* **DATASET CONTENT**:
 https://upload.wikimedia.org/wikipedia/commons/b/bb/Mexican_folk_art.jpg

---

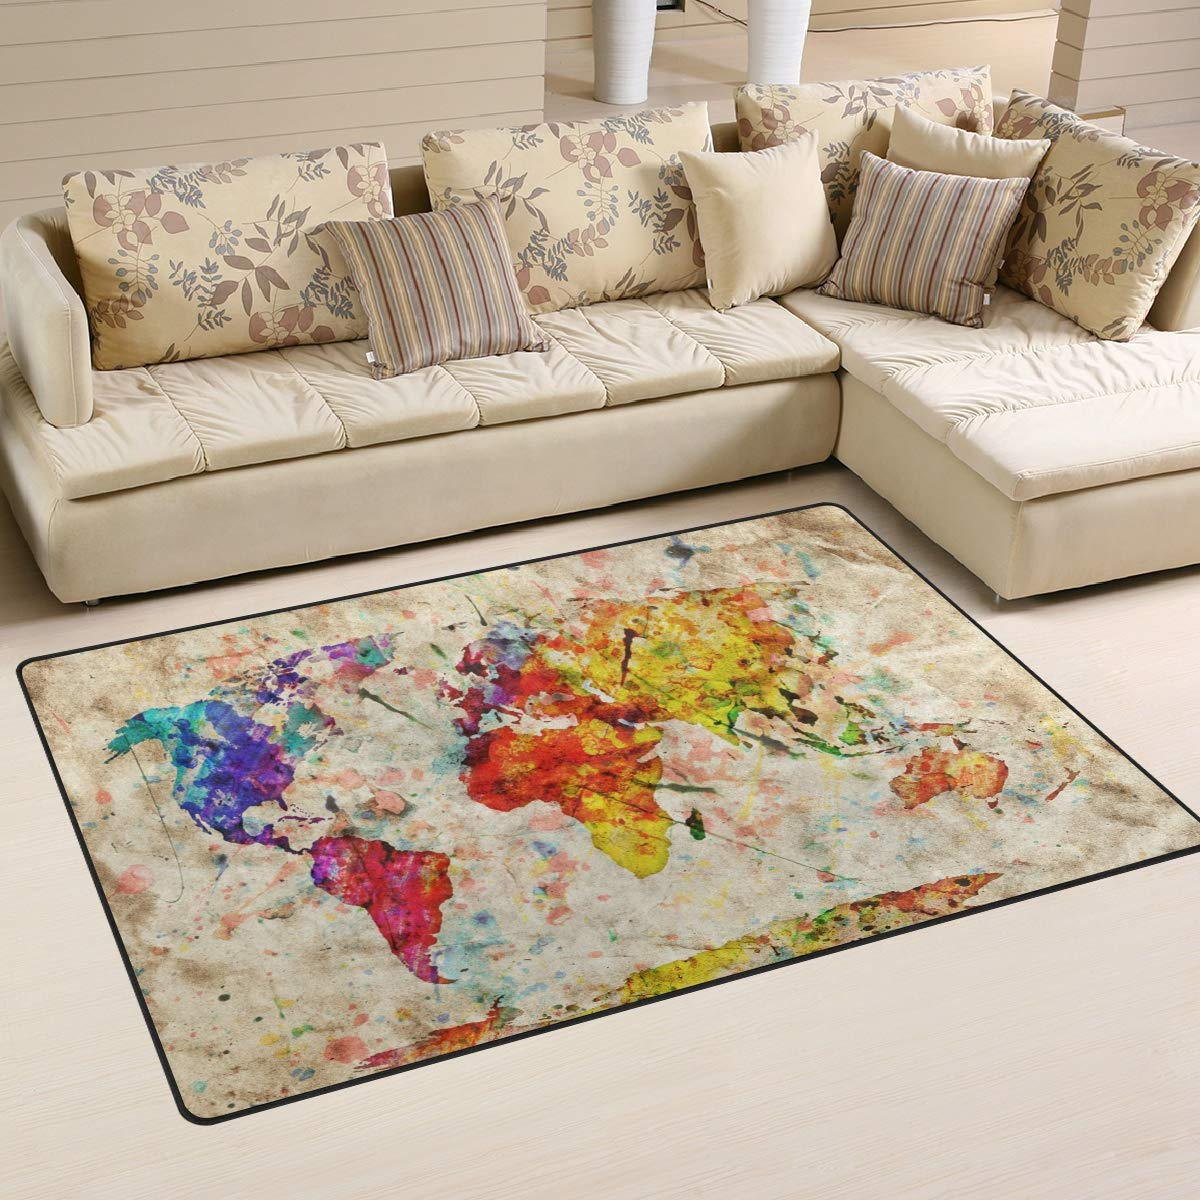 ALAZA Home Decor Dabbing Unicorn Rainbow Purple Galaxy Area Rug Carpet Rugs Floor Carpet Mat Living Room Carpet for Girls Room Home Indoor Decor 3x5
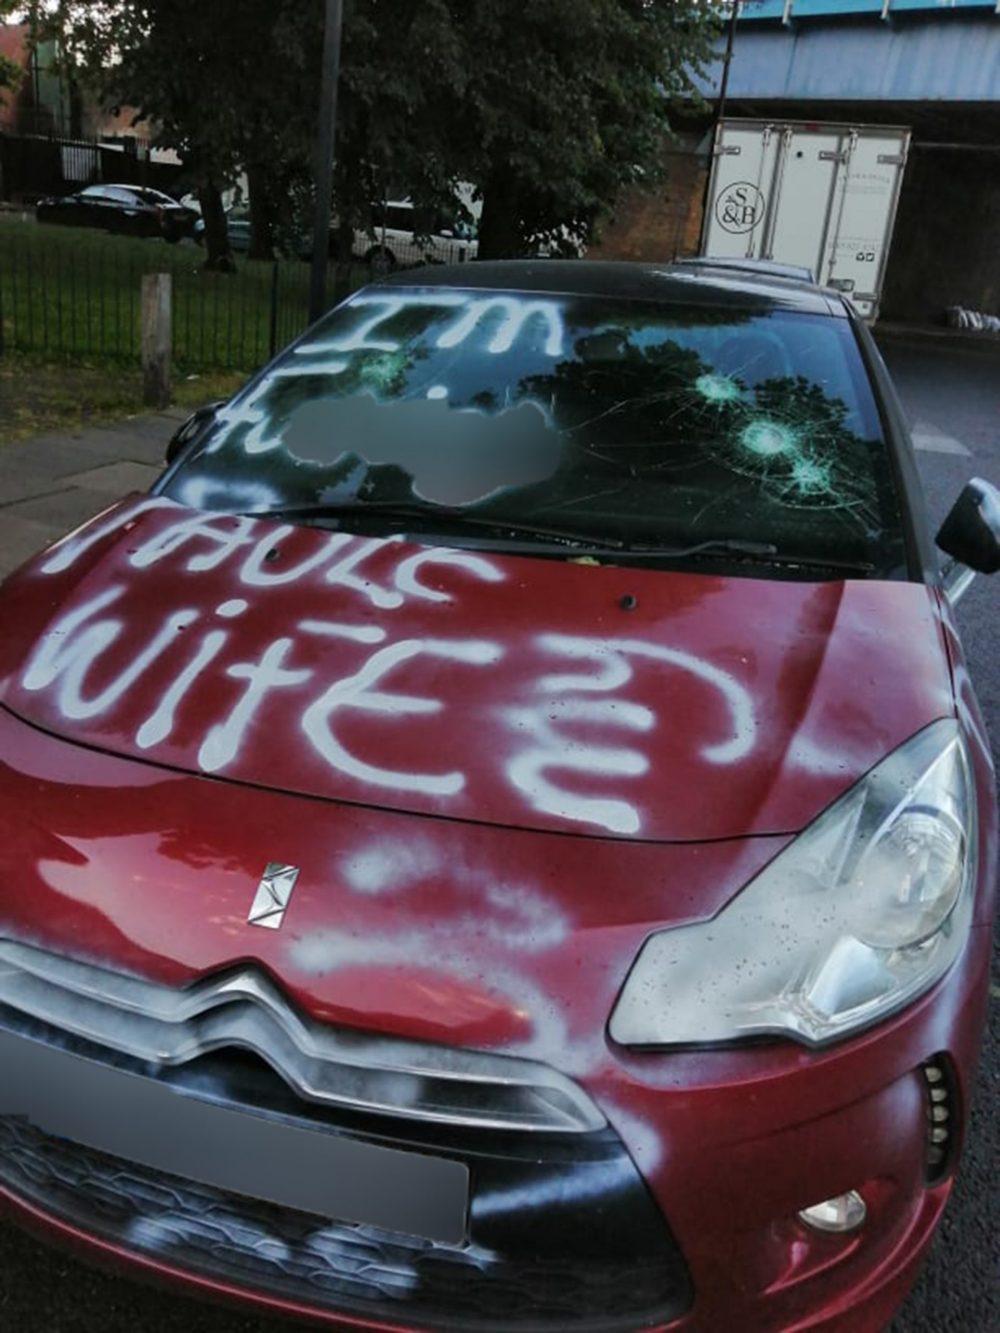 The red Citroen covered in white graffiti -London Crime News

* **EXERCISE BRIEF**:
Exercise for the records above: copy only the lines from the one with "ALAZA Home Decor" to the one with "The red Citroen", both ends kept, and drop the pictures.

* **TASK RESPONSE**:
 ALAZA Home Decor Dabbing Unicorn Rainbow Purple Galaxy Area Rug Carpet Rugs Floor Carpet Mat Living Room Carpet for Girls Room Home Indoor Decor 3x5
 The red Citroen covered in white graffiti -London Crime News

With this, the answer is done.